Prepaid College Tuition Plans: When to Use Them

I often get questions from readers about their personal finance issues. Periodically I'll answer them here. If you have questions you'd like to ask, please email me by clicking on the "Contact Ray Martin" link to the left.

Dear Ray,
I want to put some money aside for when my sons go to college. One is graduating from high school next year, and the other is graduating in 2015. What are the best short-term and long-term investments right now for these two situations? Thank you.
Isabel B.
Dear Isabel,

First, I wouldn't consider either of these time horizons long term when it comes to investing money. One horizon is immediate and the other is intermediate. Because of that and the relatively compact number of years over which the savings will be liquidated (four years or more to pay for tuition costs), your investment objectives should include safety, liquidity, and a current rate of interest at the top of the list. For the "Now" time horizon, that would not include stocks. But since the other time horizon is in 2015 with the final payment to be made in 2018, a conservative investment allocation balanced among stable value, short term bonds, and stocks could be suitable.

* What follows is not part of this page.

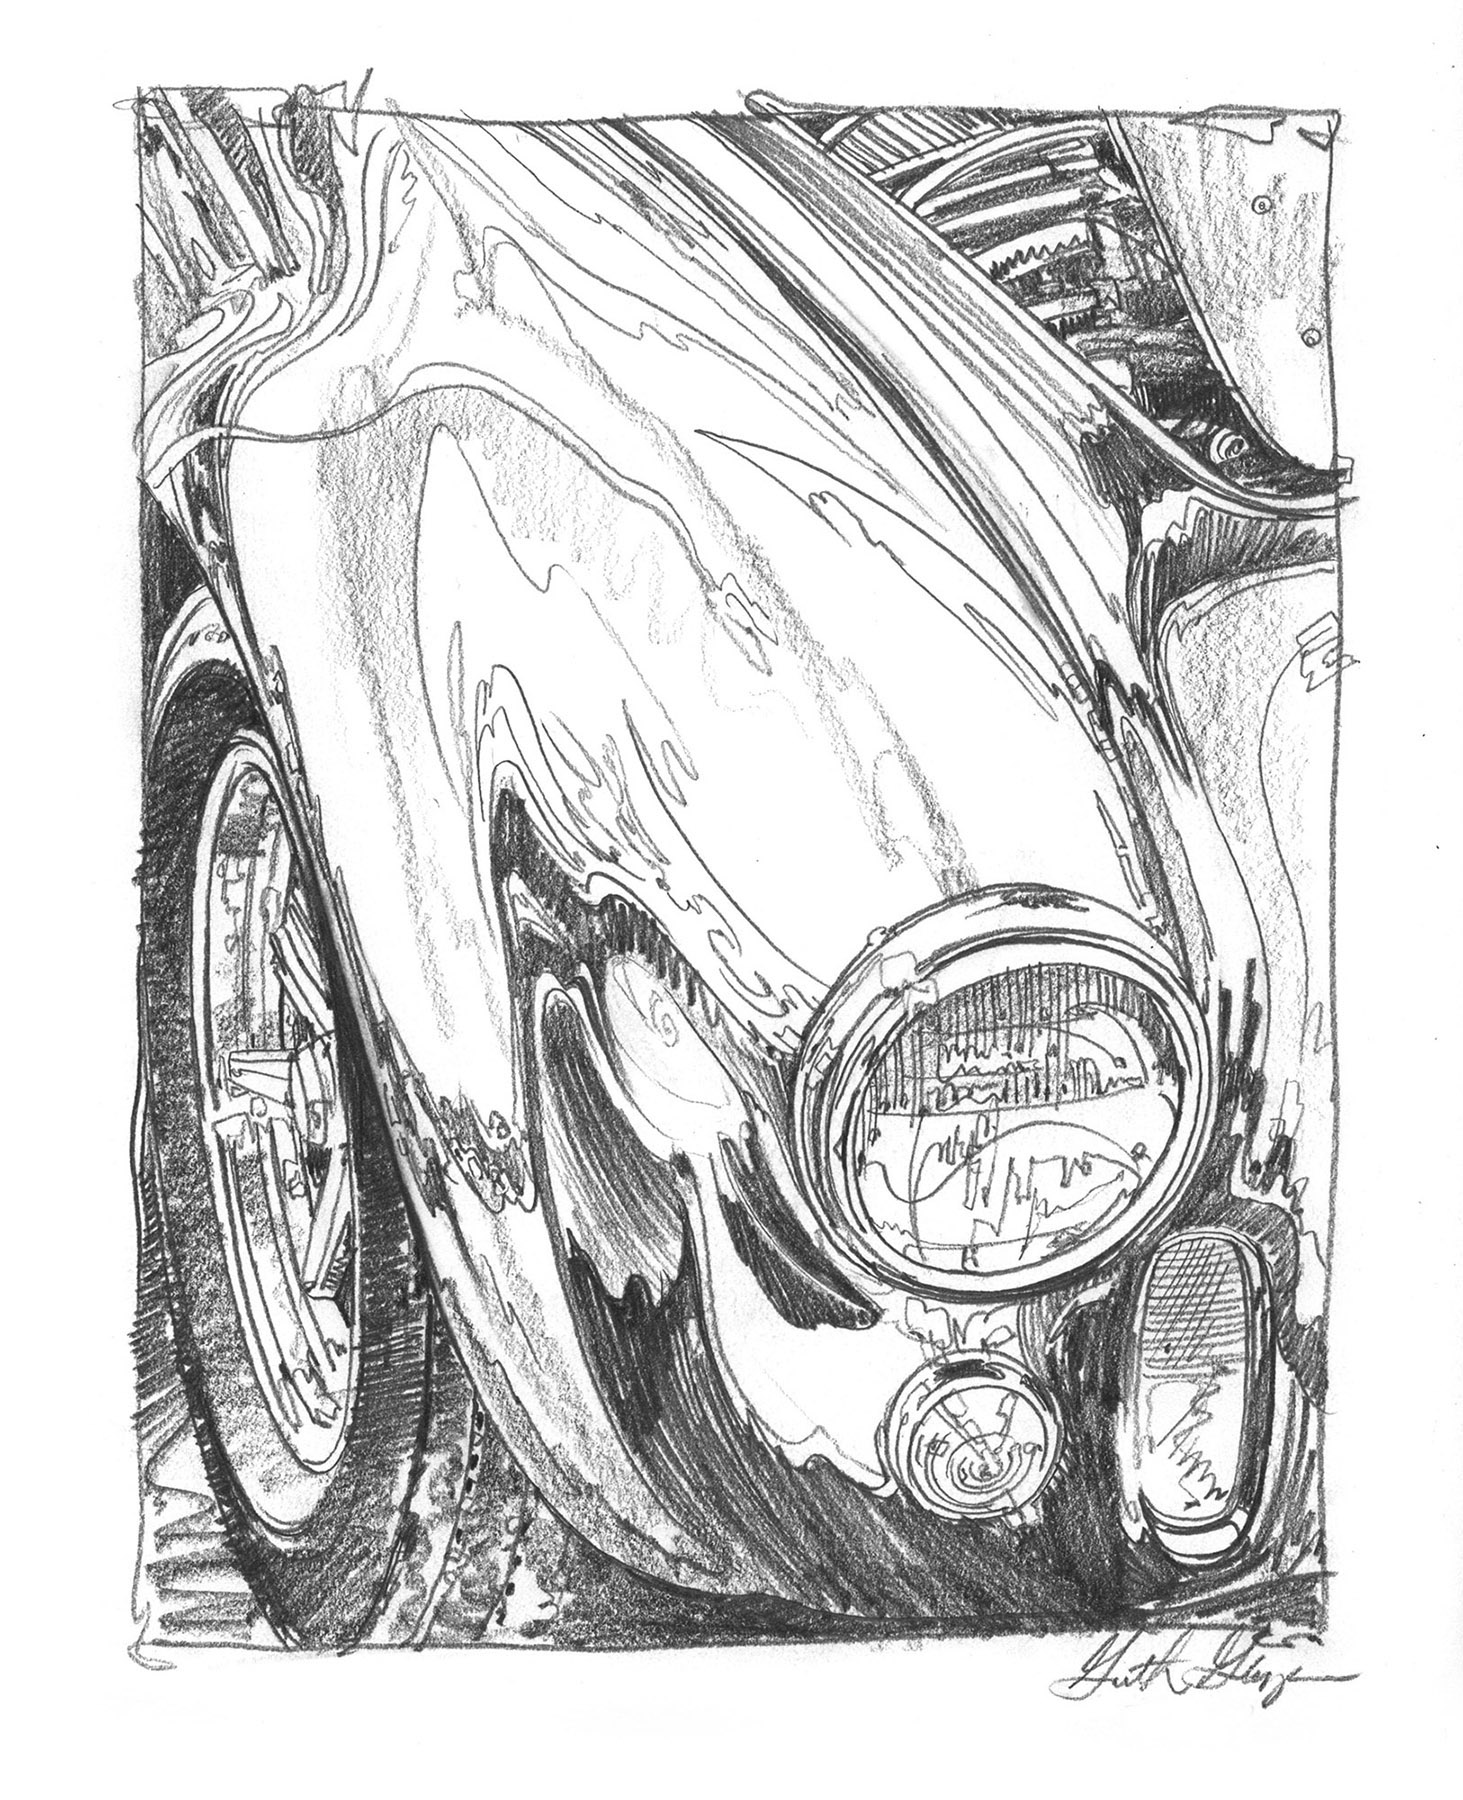 Garth Glazier - CLASSIC CAR DRAWINGS

In addition, there are several types of plans or accounts worth considering for short- or intermediate- term college savings. These include Prepaid Education Arrangements, 529 plans, and Roth IRAs. Here's the short story on prepaid plans (I'll cover 529 plans and Roth IRAs in my next post later this week):

Prepaid college tuition plans- These are also called Prepaid Education Arrangements (PEAs), and allow folks to buy all or part of a public in-state education at present-day prices. The value of the prepaid amount is usually guaranteed by the state with a promise to equal or exceed annual in-state public college tuition inflation.

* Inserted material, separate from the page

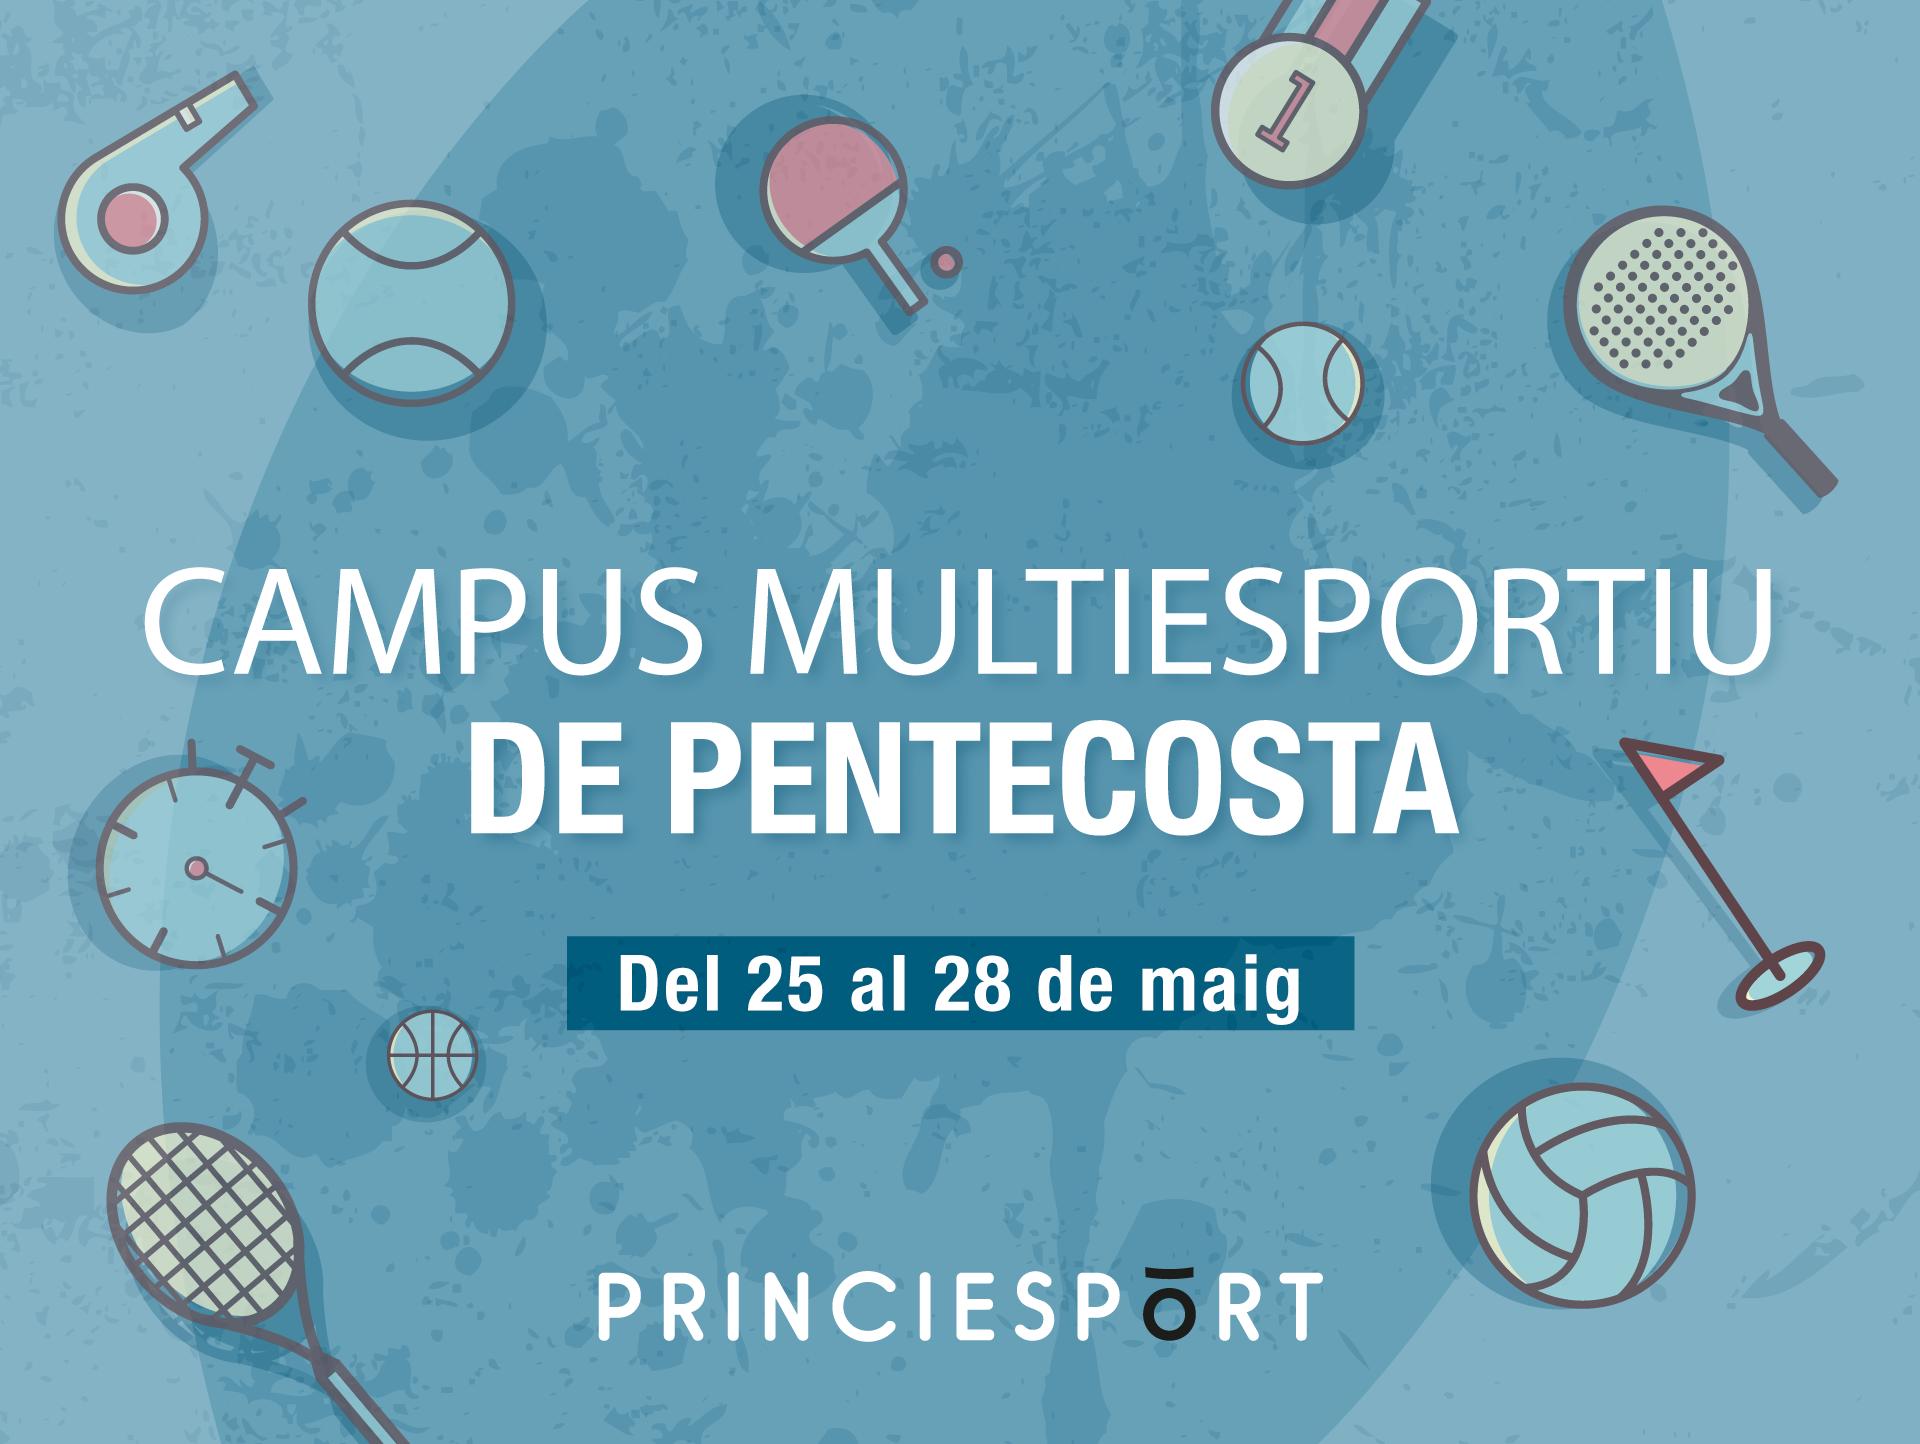 Inscriu-te al Campus Multiesportiu de Pentecosta

Given that the typical annual inflation rate for tuition at state schools is around four to six percent, locking in tuition at today's costs is tantamount to investing that money in a one year CD that pays five percent...where can you get a one year CD today that pays five percent?

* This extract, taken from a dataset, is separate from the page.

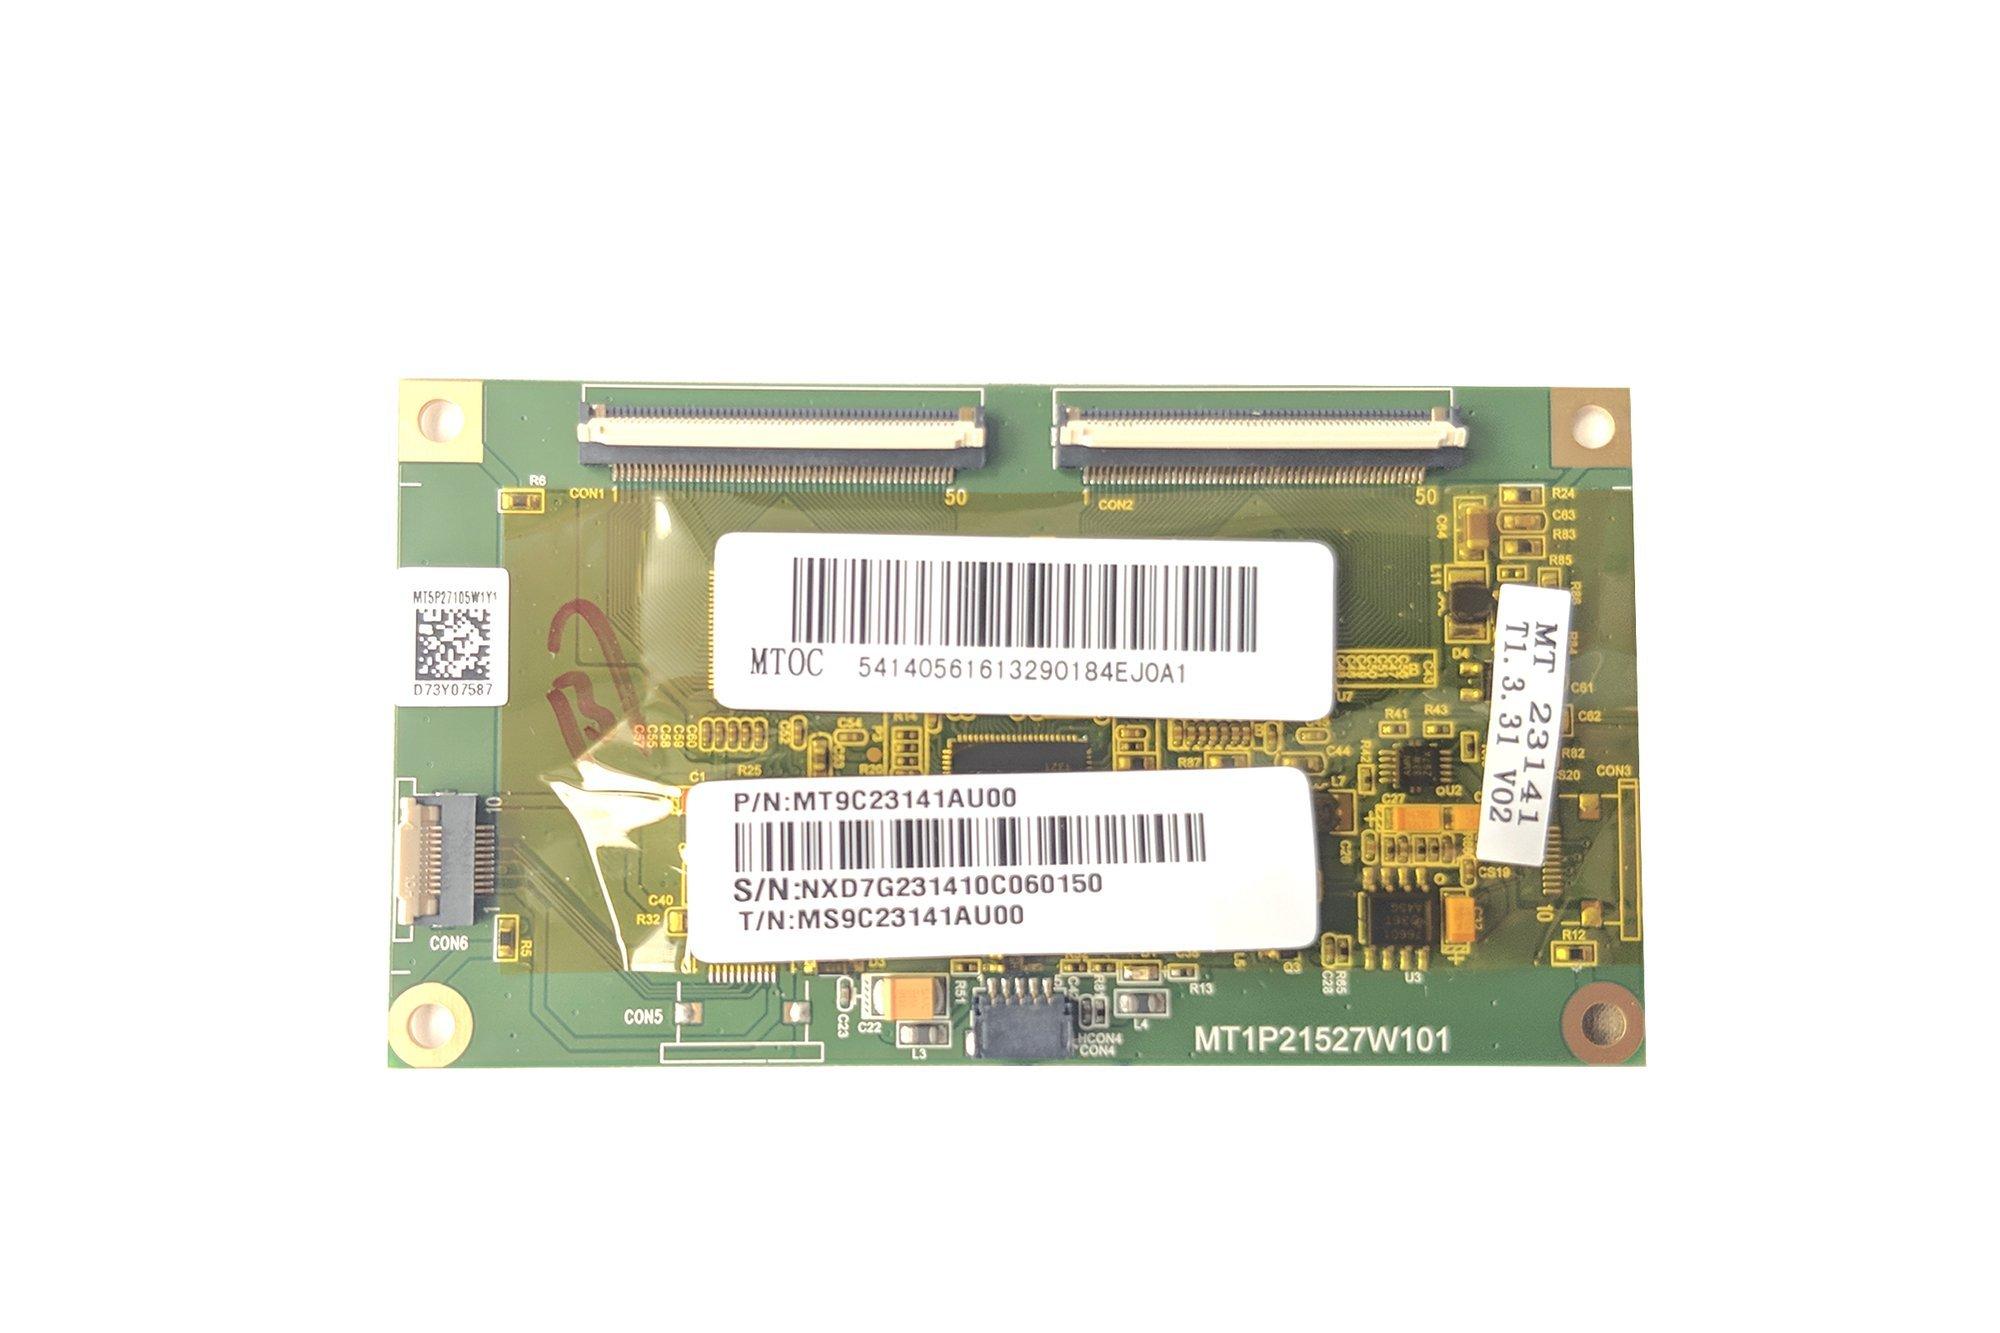 Kontroler płyta do ekranu dotykowego MT1P21527W101

This option could be suitable for folks looking to pay college costs in the next one to five years, but the big limitation is that you should be reasonably certain that your student will be attending one of the state's participating public colleges. If your student attends a school out of state, then the PEA may either pay out the amount it would have paid to an in-state public college, or you might have to cancel your participation to receive a return of your money, which could involve a cancellation fee and loss of interest.

Ray Martin

View all articles by Ray Martin on CBS MoneyWatch»
Ray Martin has been a practicing financial advisor since 1986, providing financial guidance and advice to individuals. He has appeared regularly as a contributor on the CBS Early Show, CBS NewsPath, as a columnist on CBS Moneywatch.com and on NBC-TV's morning newscast TODAY. He has also appeared on the Oprah Winfrey Show and is the author of two books.

Disclaimer: The copyright of this article belongs to the original author. Reposting this article is solely for the purpose of information dissemination and does not constitute any investment advice. If there is any infringement, please contact us immediately. We will make corrections or deletions as necessary. Thank you.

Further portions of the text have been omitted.